113. Что ж, это первая ветвь вопросов, на которые мы хотим получить ответы от оптической науки — фактическое искажение, сокращение и другие модификации зрения различных животных, насколько это можно узнать по формам их глаз. Затем, во-вторых, нам самим нужно научиться связи чувства цвета со здоровьем; разнице в физических условиях, которые заставляют нас искать мрачности или яркости оттенка; и природе чистоты цвета, сначала в объекте, который видят, а затем в глазе, который предпочитает его.
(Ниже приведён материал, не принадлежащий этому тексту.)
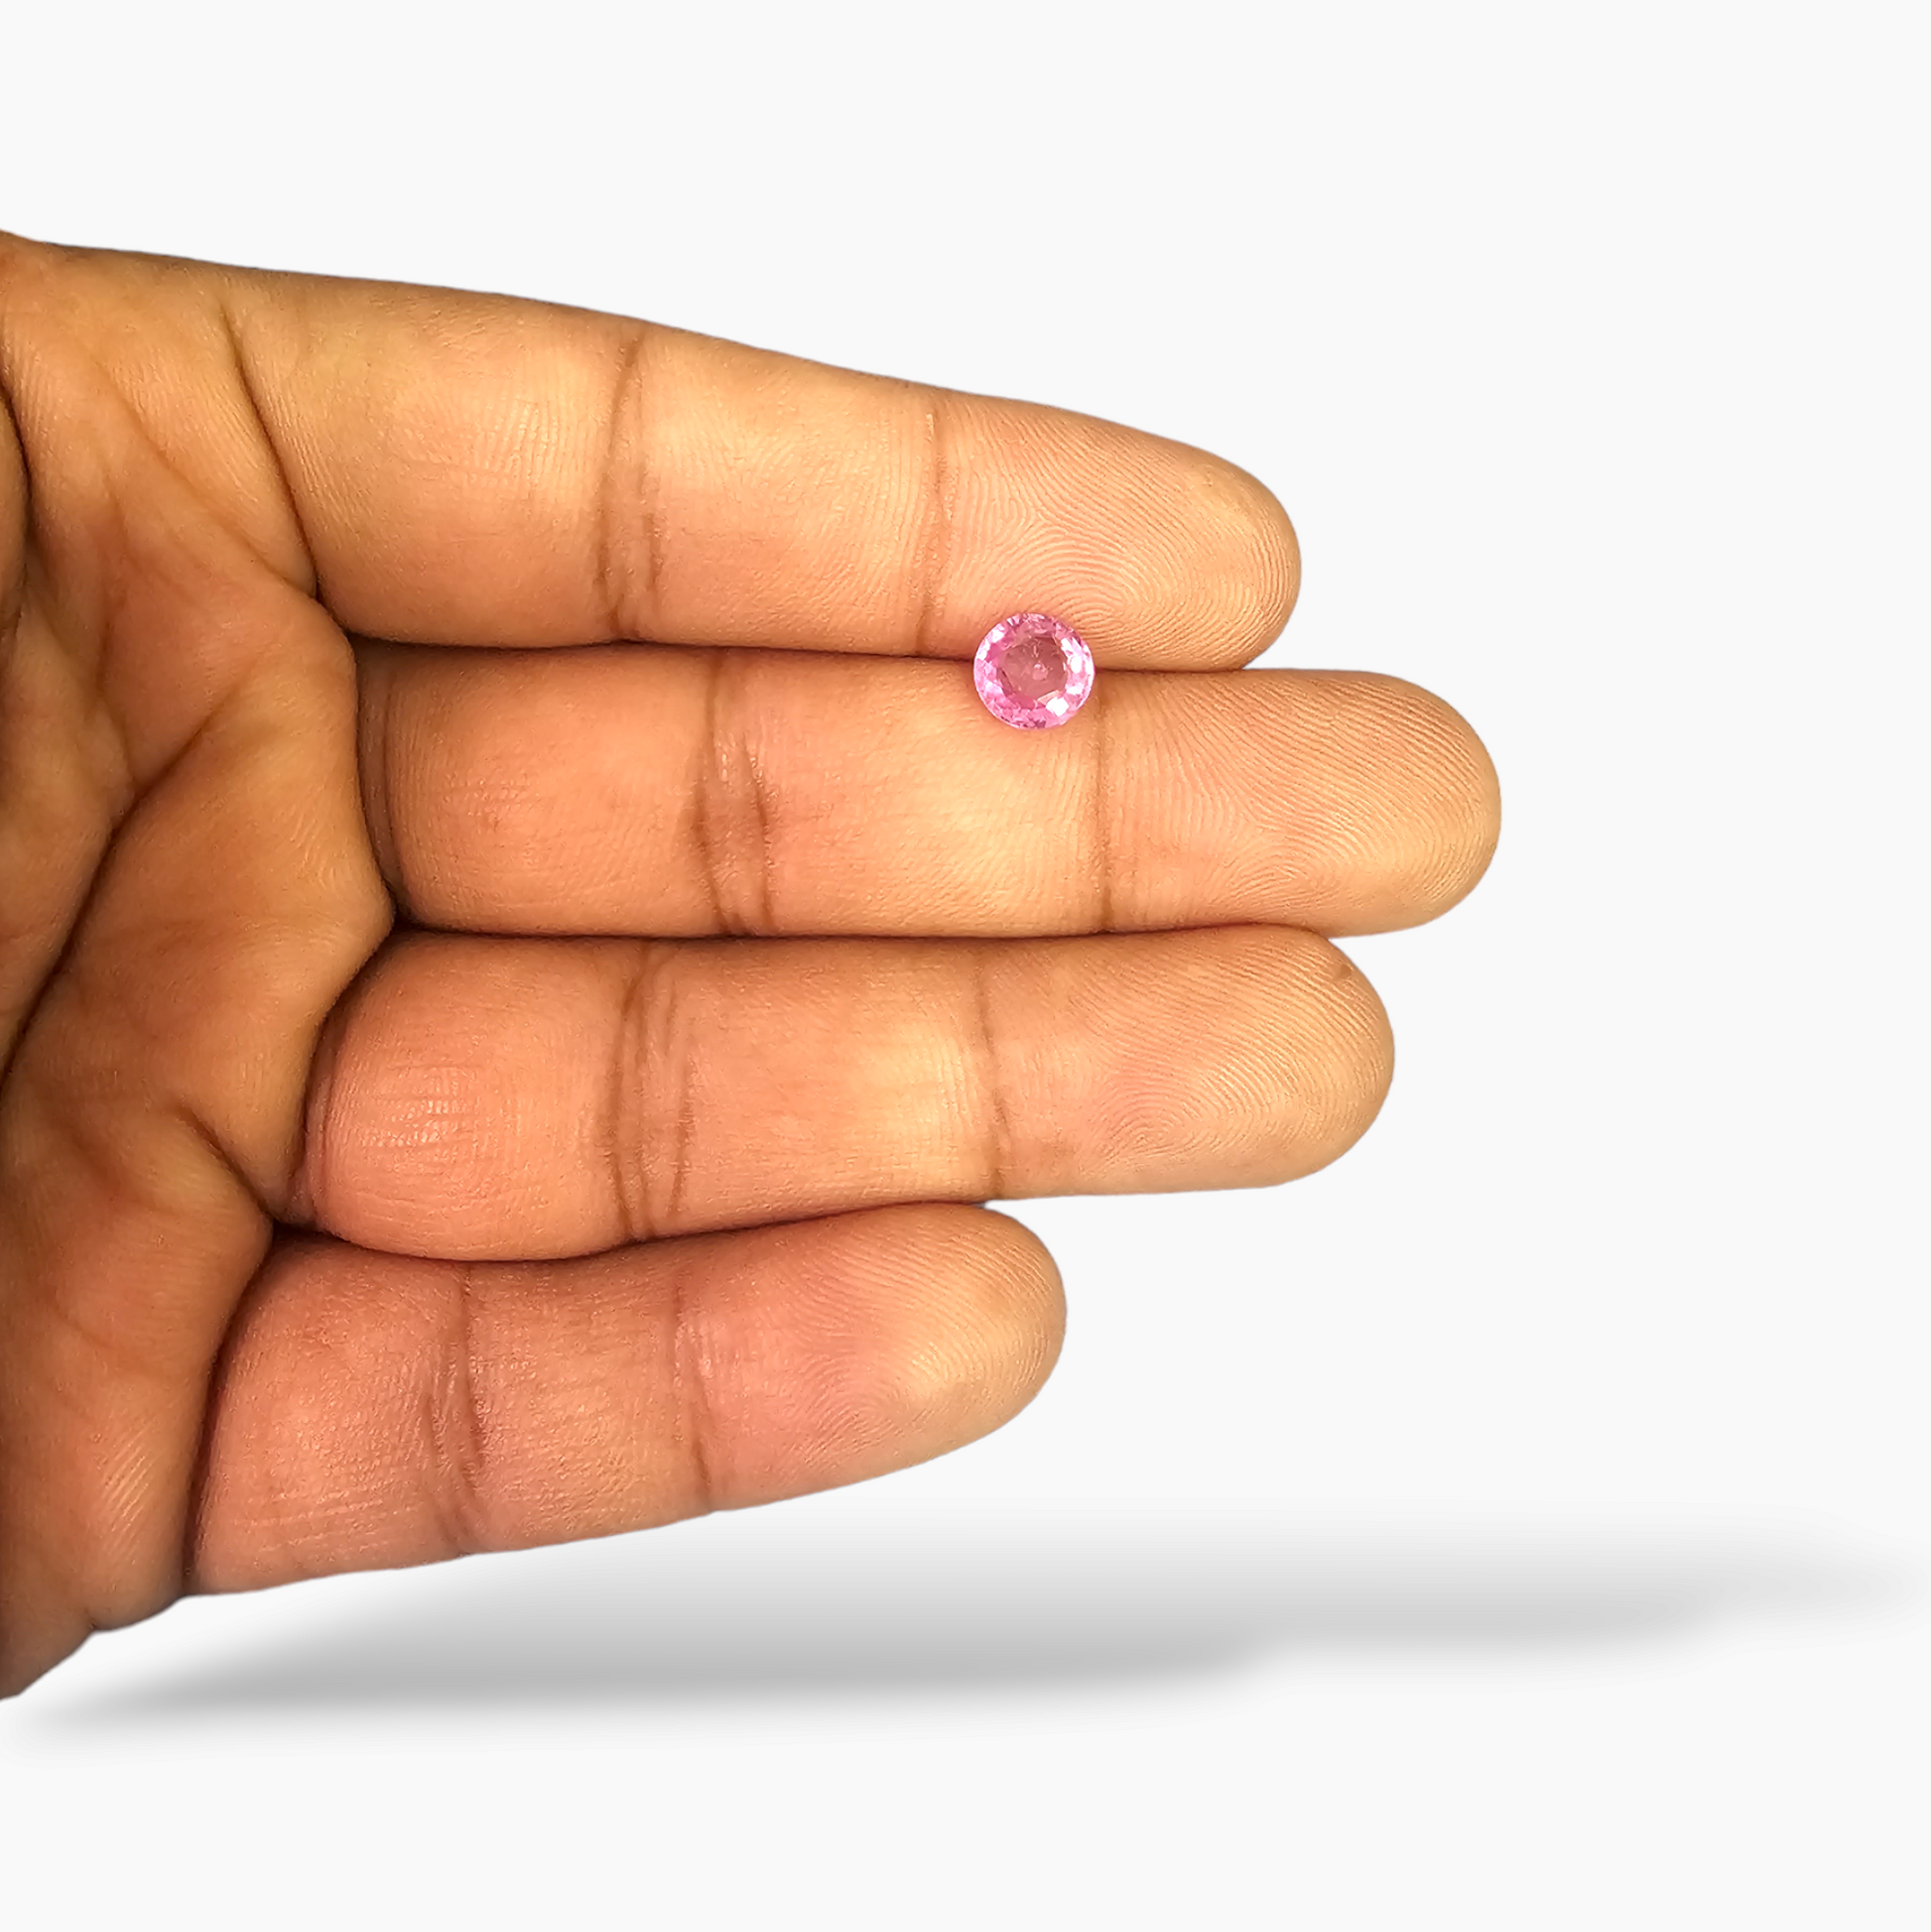 Pink Sapphire Natural Stone Round Cut 1.4 Carats
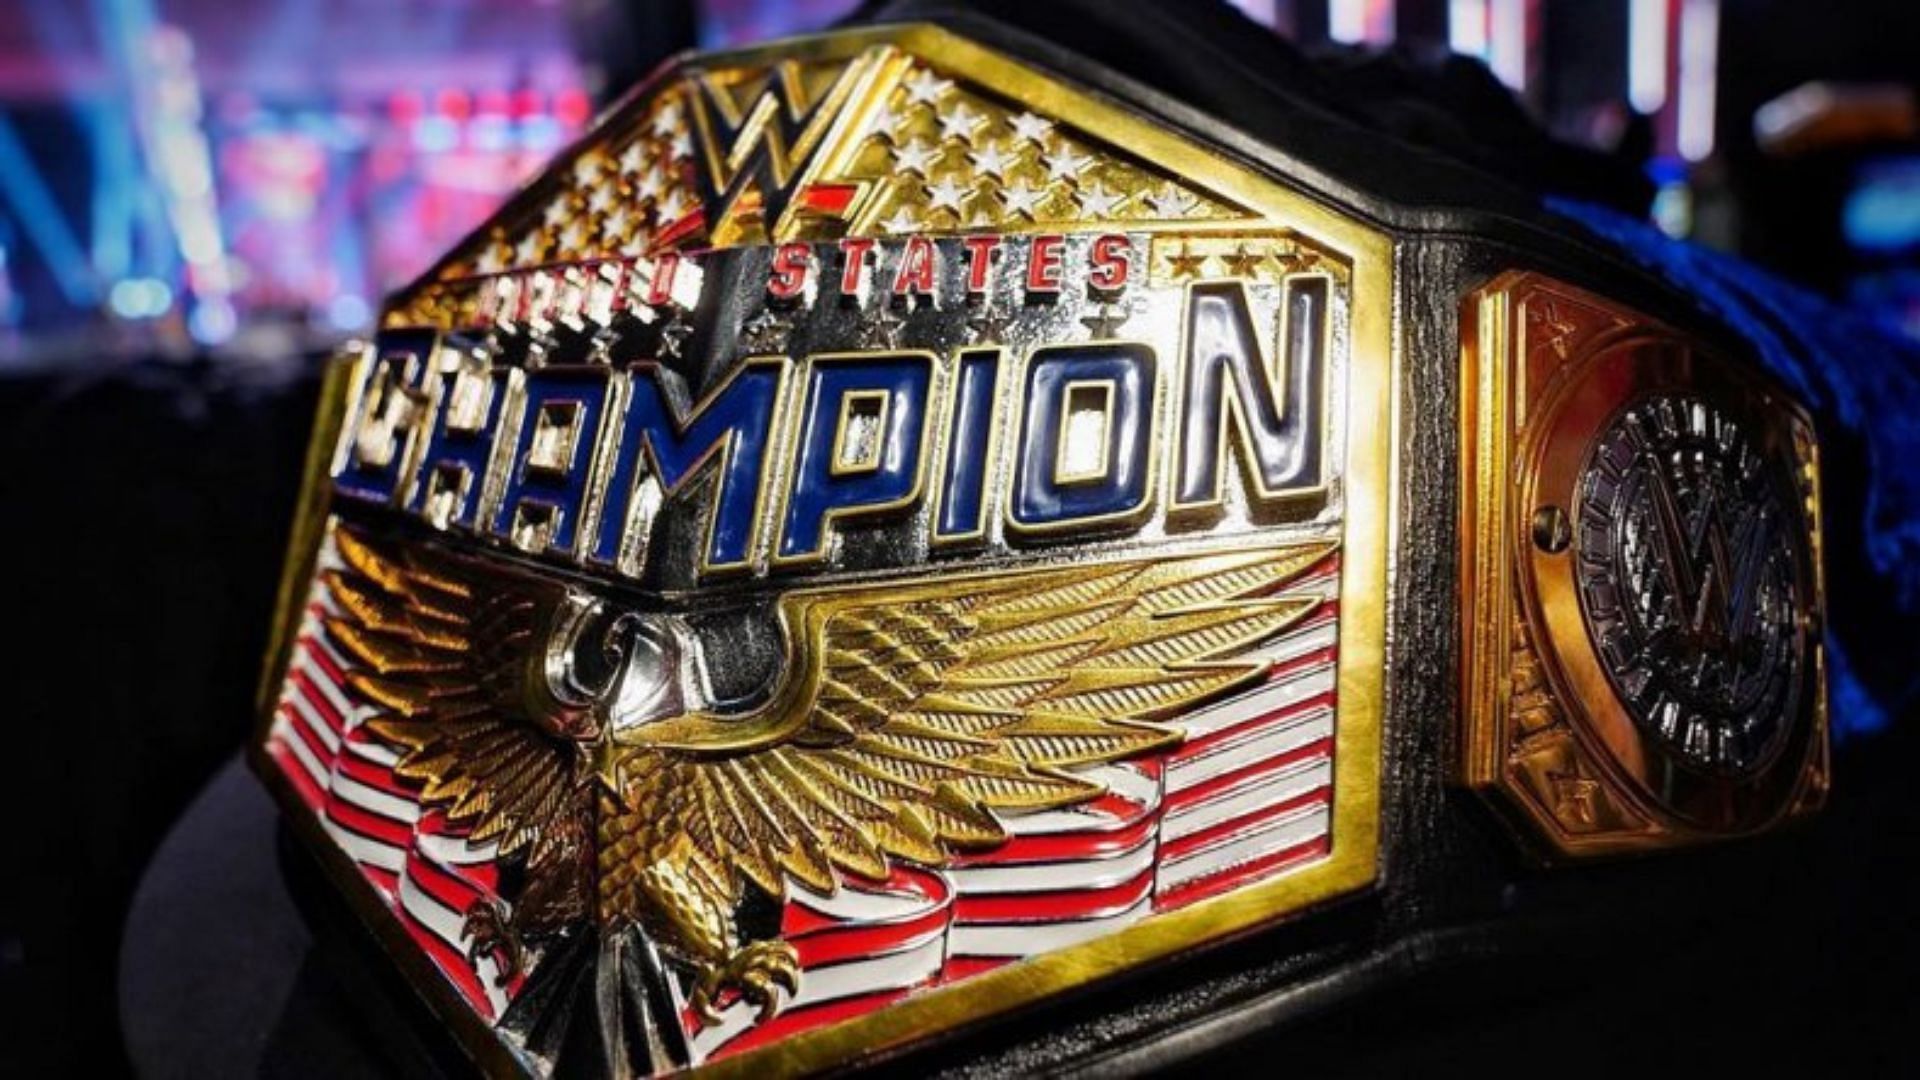 A former United States Champion is proud to have held the title.

(Опущенная здесь часть лекции относилась к иллюстрациям вульгарности и деликатности в цвете, показывая, что вульгарные цвета, даже когда они казались наиболее яркими, в действительности были нечистыми и тусклыми; и разрушали друг друга в соперничестве; в то время как благородный цвет, интенсивно яркий и чистый, был тем не менее полностью управляемым и спокойным, так что каждый цвет улучшал и помогал всем остальным.)

114. Вы помните, как я призывал вас в моем первом курсе лекций скорее работать в школе кристаллического цвета, чем в школе тени.

С тех пор как я прочитал тот первый курс лекций, мое ощущение необходимости изучения яркости в первую очередь, а чистоты и жизнерадостности превыше всех других качеств, глубоко укрепилось под влиянием, которое нечистый ужас и нечестивая меланхолия современной французской школы — буквально школы смерти — приобрели над умами людей. Я не буду останавливаться на этом злом безумии сегодня. Но именно для того, чтобы сразу сделать всё возможное для противодействия его смертельному влиянию, хотя и не без других постоянных причин, я даю вам геральдику со всем ее великолепием и гордостью, яркостью цвета и благородством значения для вашей основной элементарной практики.

115. Сегодня у меня осталось время только для того, чтобы внушить вашим мыслям более глубокий закон этой должной радости в цвете и свете.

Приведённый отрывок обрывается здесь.